# Available data:

────────────────────────────────────────

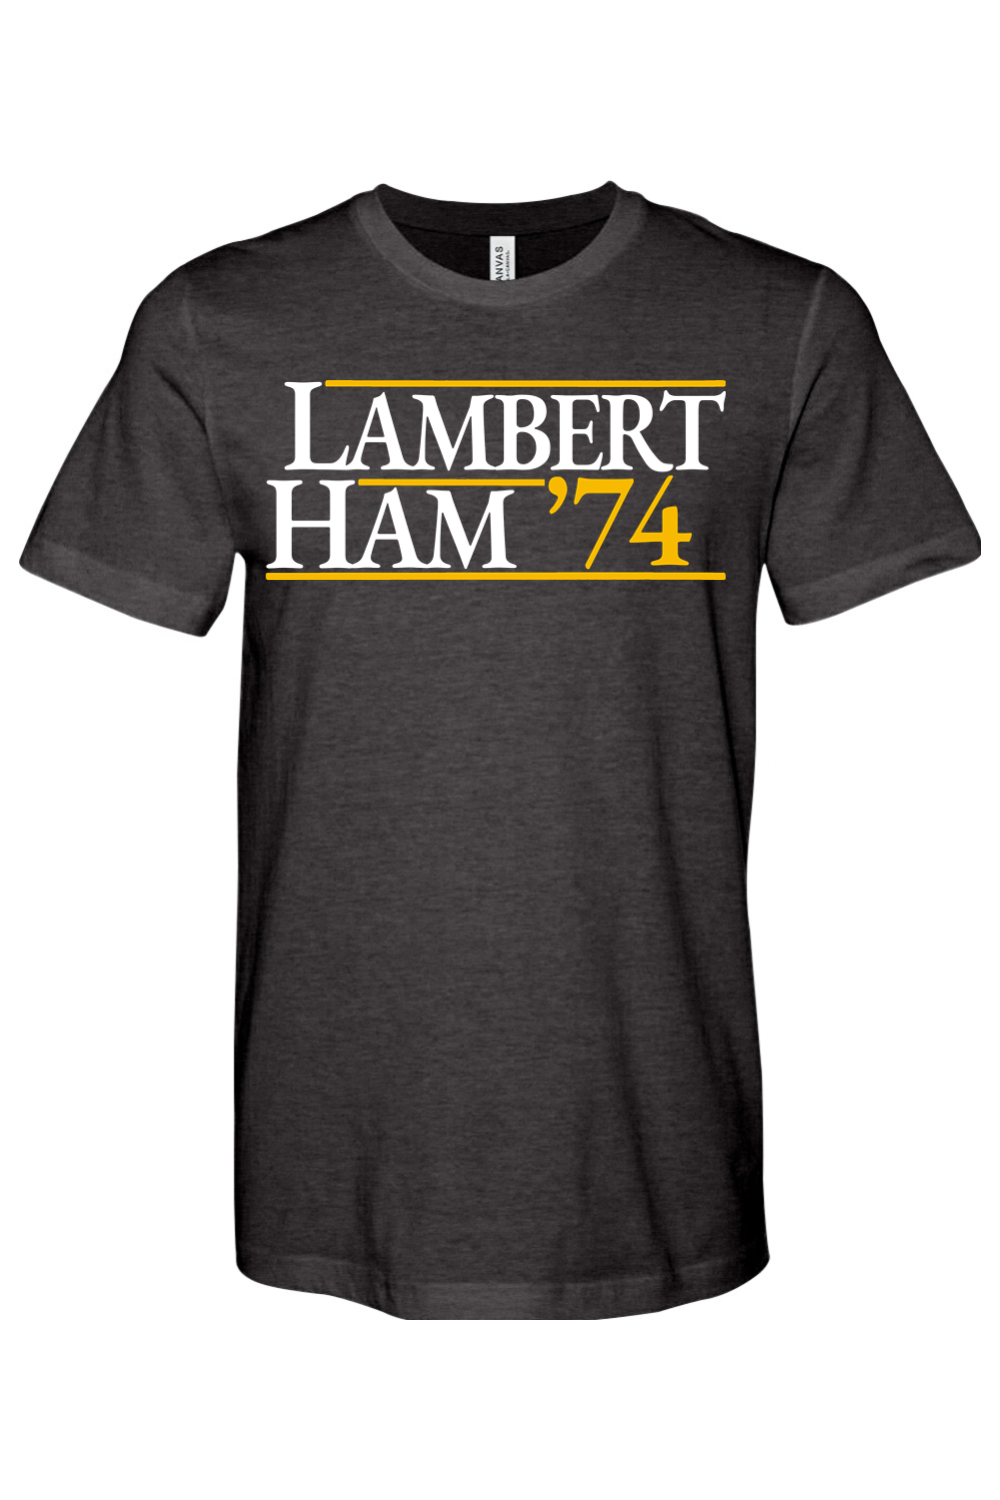 Lambert & Ham in '74 - Yinzylvania
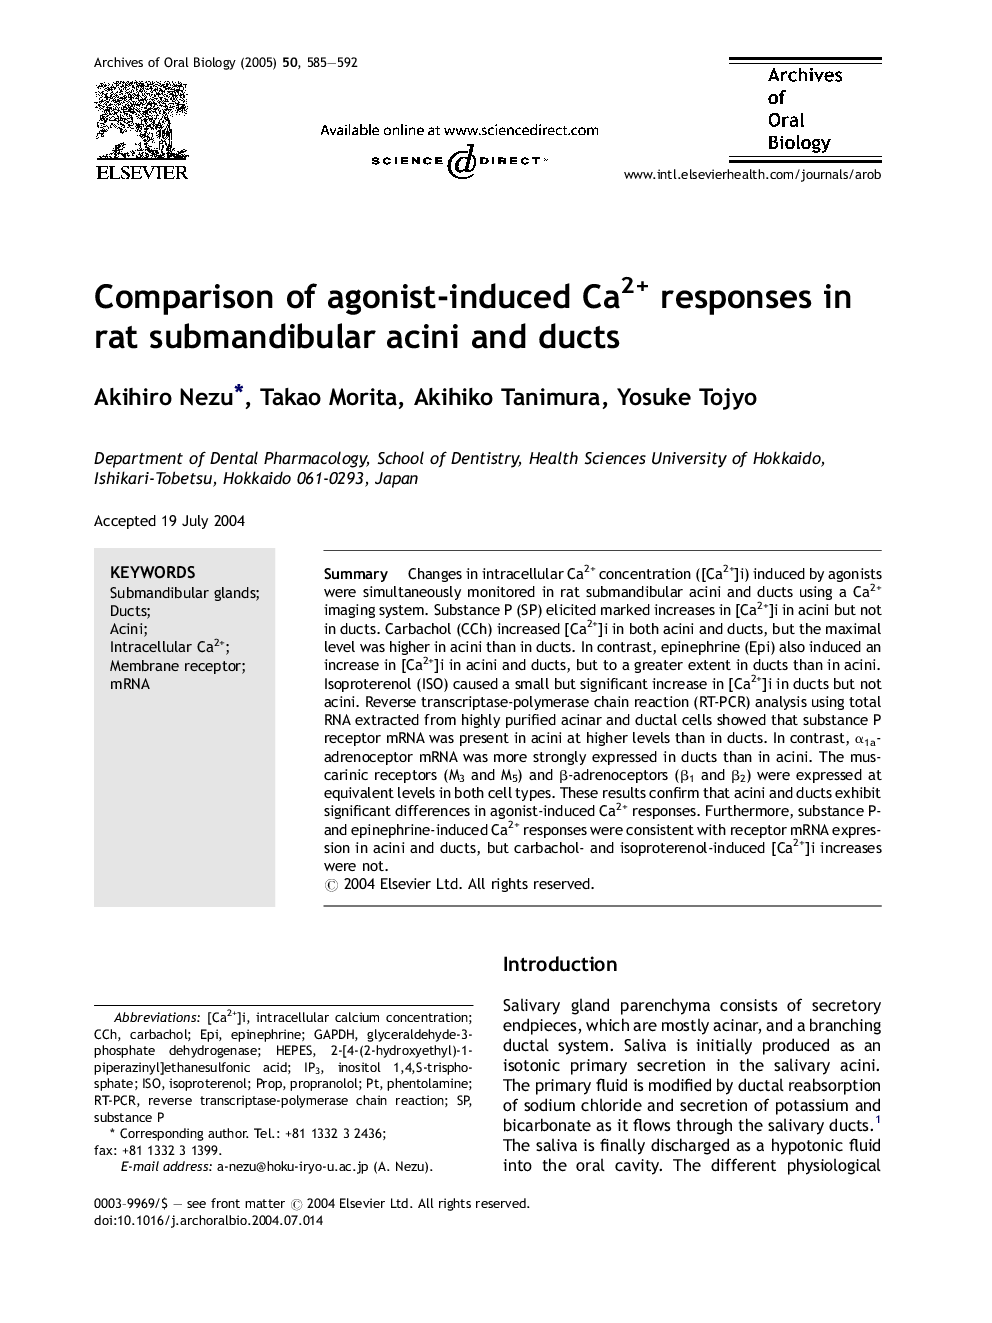 Comparison of agonist-induced Ca2+ responses in rat submandibular acini and ducts
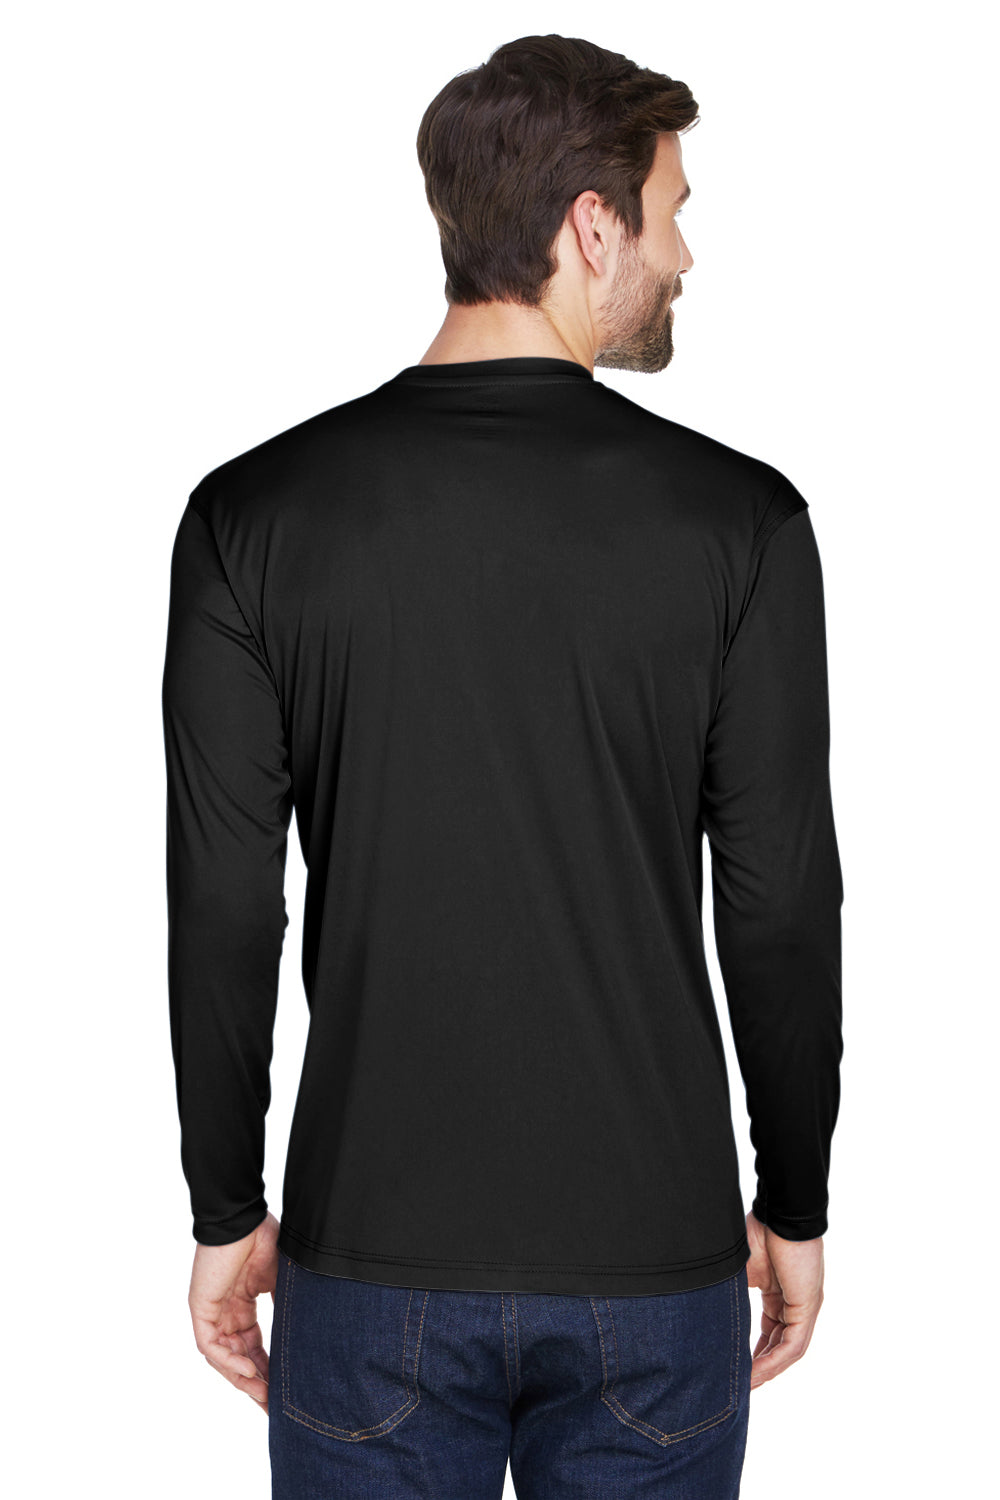 UltraClub 8422 Mens Cool & Dry Performance Moisture Wicking Long Sleeve Crewneck T-Shirt Black Back

────────────────────────────────────────

# Problem to solve:
Nothing but the lines from the one containing "Comparison of agonist-induced" through the last line of the data should appear in the answer, copied exactly, with pictures excluded.

# Result of the exercise:
 Comparison of agonist-induced Ca2+ responses in rat submandibular acini and ducts
 UltraClub 8422 Mens Cool & Dry Performance Moisture Wicking Long Sleeve Crewneck T-Shirt Black Back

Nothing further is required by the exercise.